La escuela y los medios nos enseñan a los cholos a asumir la culpa de los males del país: somos informales, marginales, ignorantes. Terrible. ¿Por qué, además de liberarnos de esta mentalidad, los discriminados tenemos que ilustrar al que nos discrimina? La respuesta la han encontrado las mujeres en su lucha: el macho no admitirá su privilegio porque negarlo (o no verlo) es la base de su reinado. Educar al discriminador (así sea a cocachos) es quitarle poder.

Una gran elección poner en la portada a la chola de Claudia Coca. ¿Qué puede hacer un cholo por las cholas?

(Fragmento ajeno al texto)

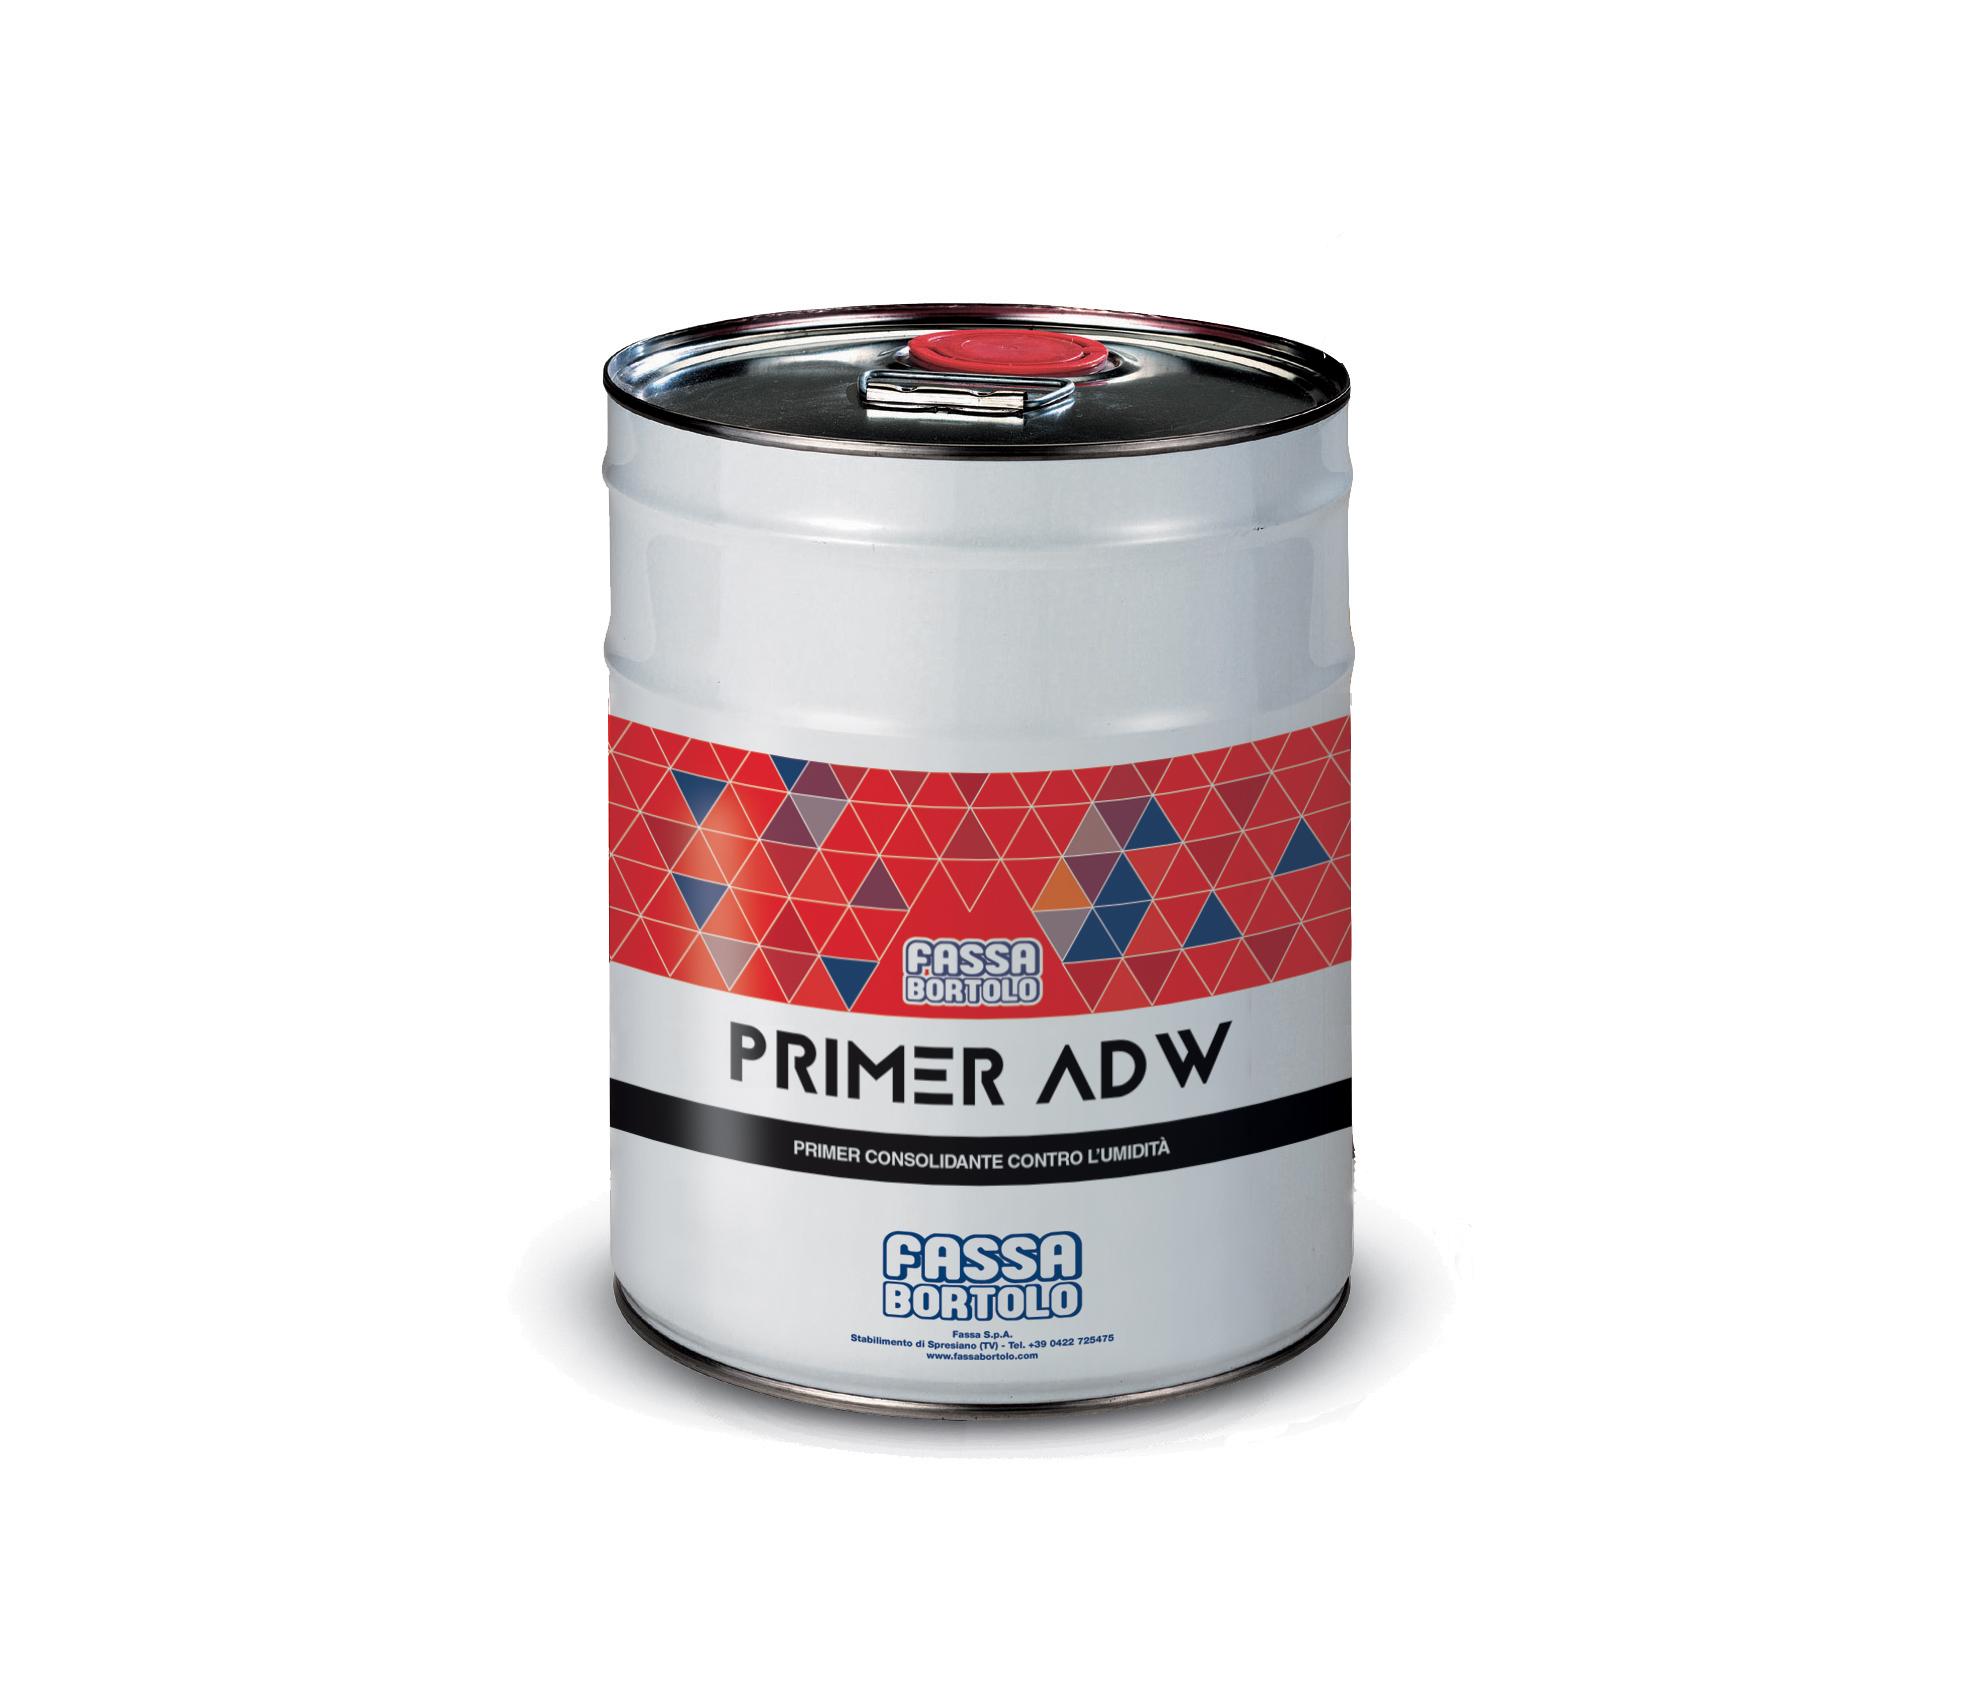 PRIMER ADW: Primer consolidante e impermeabilizzante poliuretanico per massetti

Claudia Coca es lo máximo. Está trabajando sobre el tema desde mucho antes y con una claridad que ya quisiéramos muchos escritores. Como todo varón, el cholo tiene que empezar reconociendo su propio machismo. No hay posición más falsa que la del macho que proclama no ser machista. Esa es la actitud perfecta para, enseguida, decir que se trata de un problema que le corresponde resolver a otros o a otras. Me cuesta muchísimo –a diario– darme cuenta de cuán machista soy. Pero esto tampoco resuelve mucho. Lo difícil es construir la igualdad en casa. Al monstruo del machismo –como al del racismo– hay que comenzar matándolo en casa. Duele.